Ulrich Seidl's Import Export, however, is a frustrating, labored (so to speak) exercise in misery. For all its prolonged exposure to two guest-worker characters, they remain inarticulate and static victims. Humiliation and degradation are rubbed into every overlong scene, to the point of disgust. We get that Austria and Ukraine are increasingly coming to resemble each other and that neither provides a decent living for its young working-class citizens -- a realization that doesn't need to have indignity after indignity piled onto it.

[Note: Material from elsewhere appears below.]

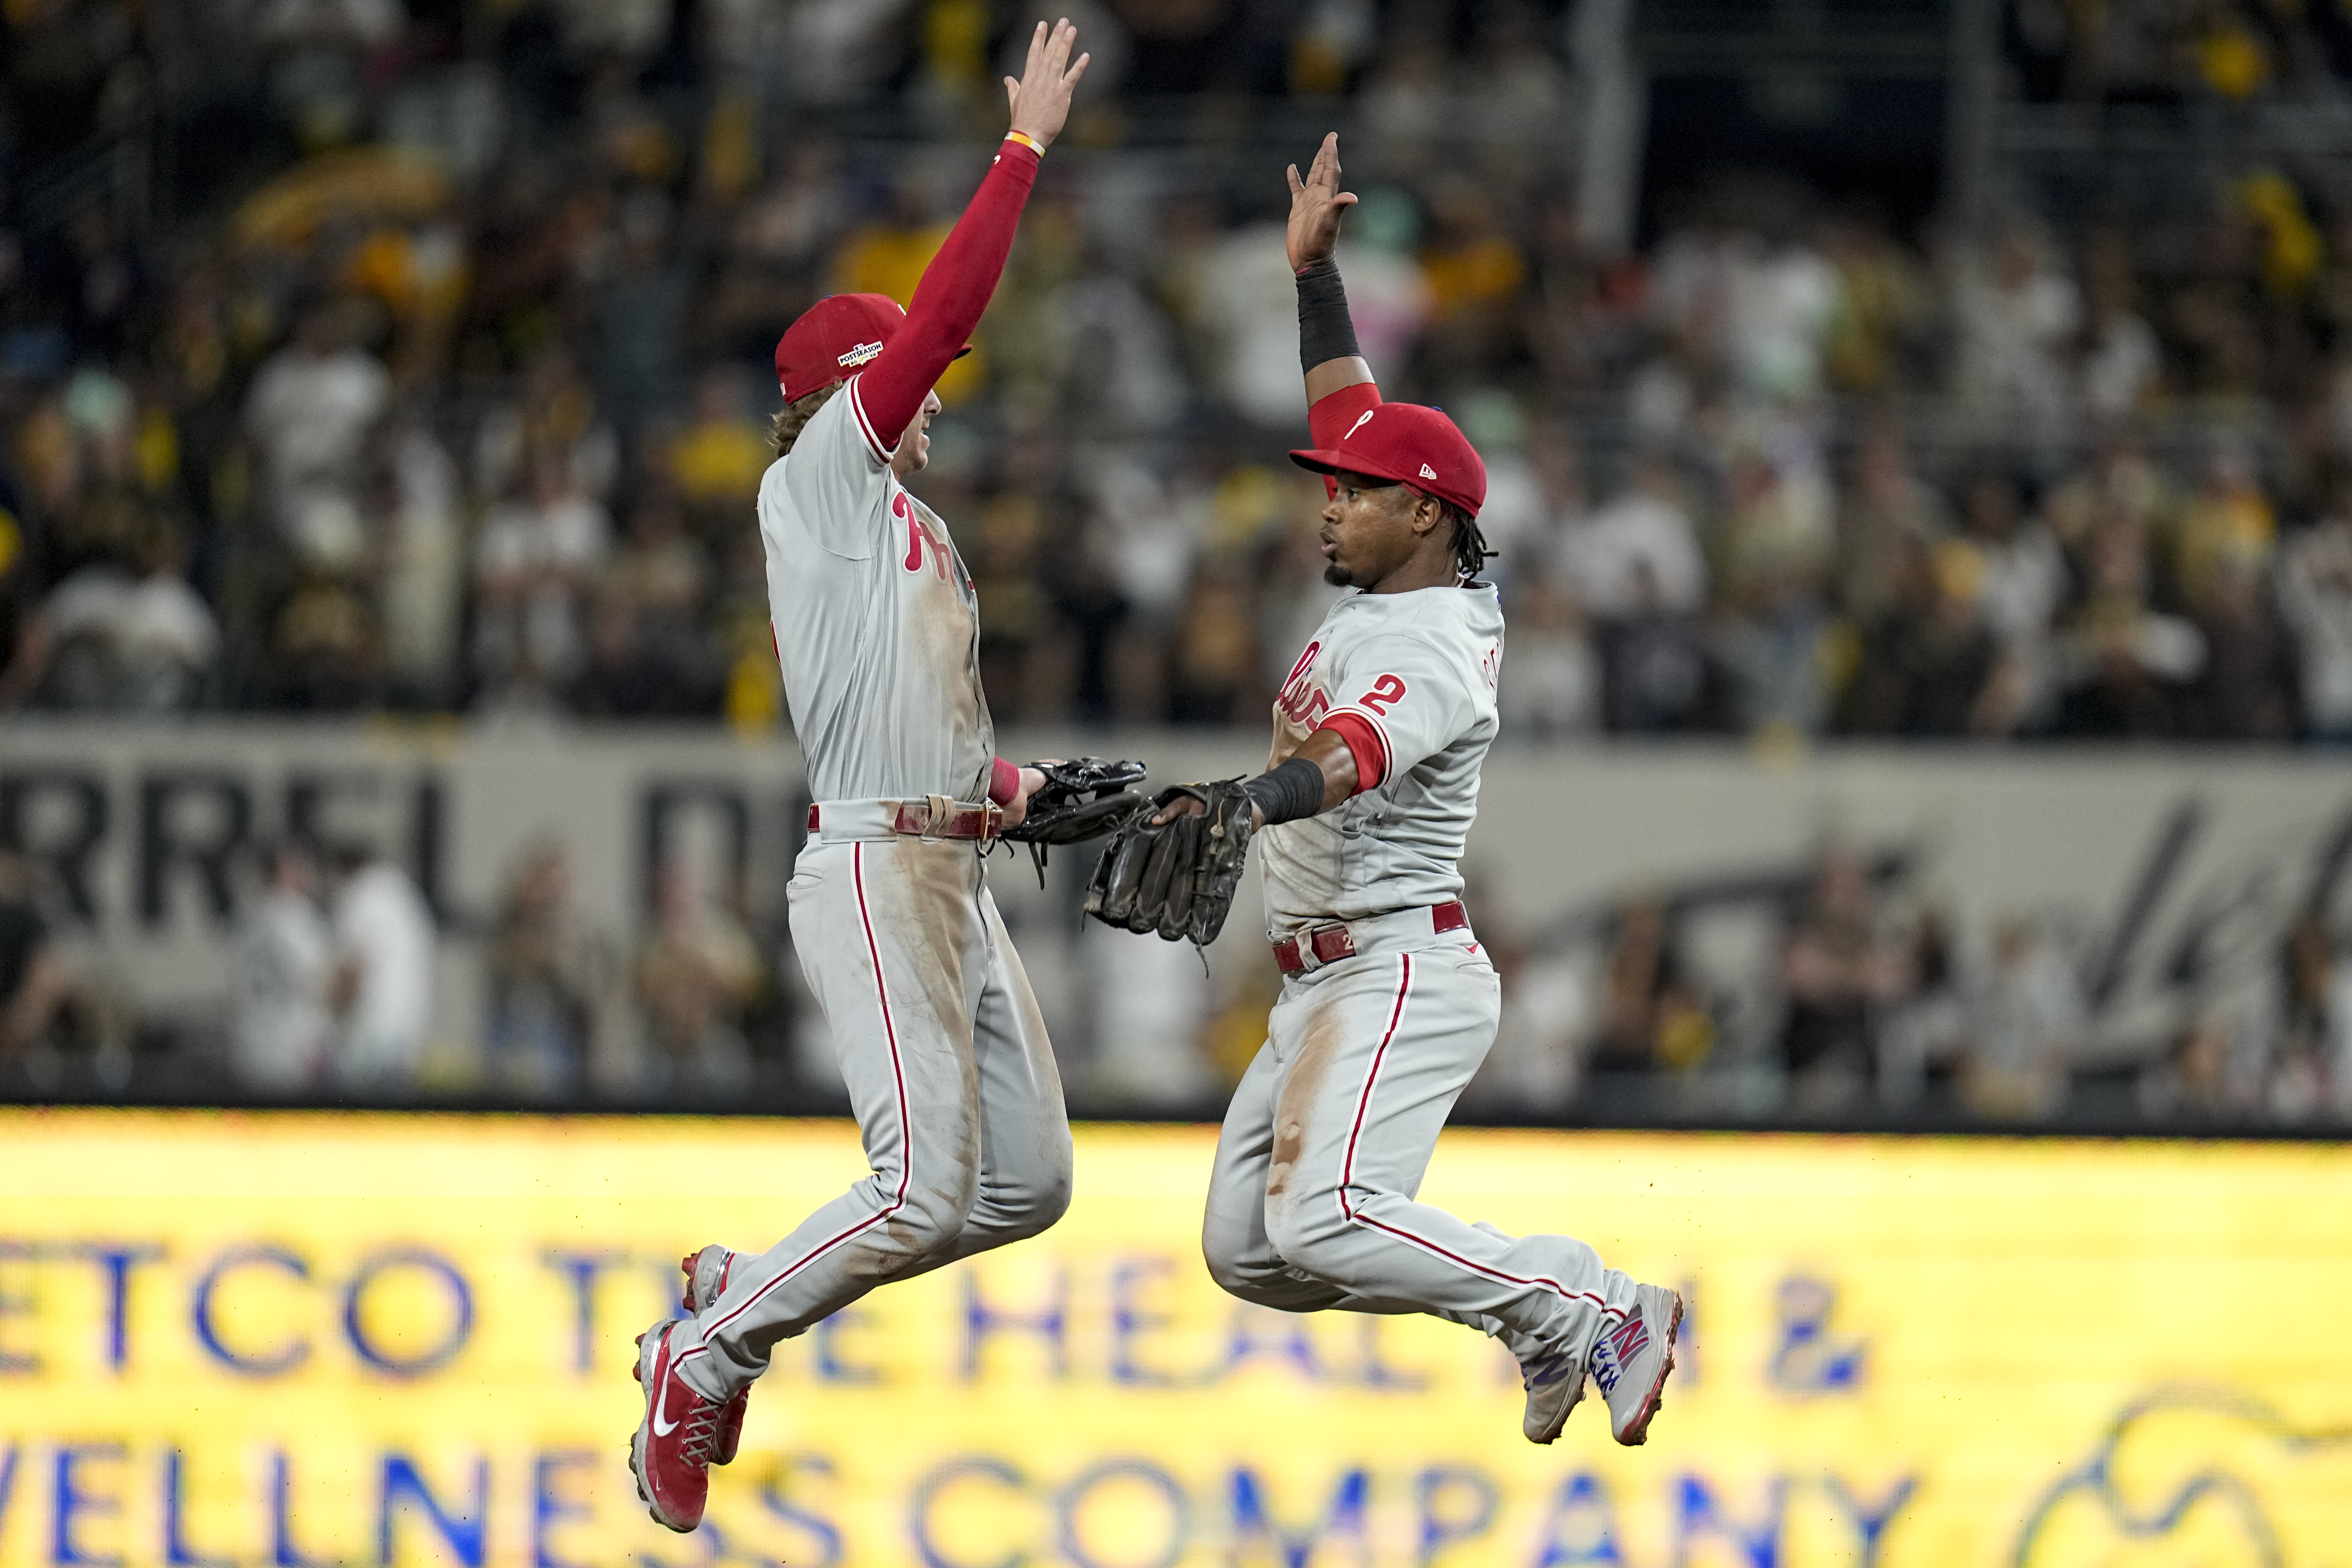 Phillies vs. Padres NLCS Game 2 prediction, betting odds for MLB on  Wednesday

Finally, Christian Petzold's stunning Yella, which sold out at October's Mill Valley Film Festival, is an increasingly bizarre account of a young woman running away from her old life in the former East Germany to new prospects in West Germany. What at first seems like a domestic thriller (she's being stalked by a volatile ex) goes deeper when, seemingly free of him and blossoming in a new high-powered career, she starts being harassed by sounds and premonitions signaling a second ruin. Nina Hoss, who won the best actress award at Berlin for her performance, has the deliberate, disheveled intensity of a Jeanne Moreau. Her journey across the Elbe becomes something much bigger than escape from a failed marriage -- it's a primal mystery with baggage past the weight limit.
Today's screenings start at 1 p.m. with Half of Life.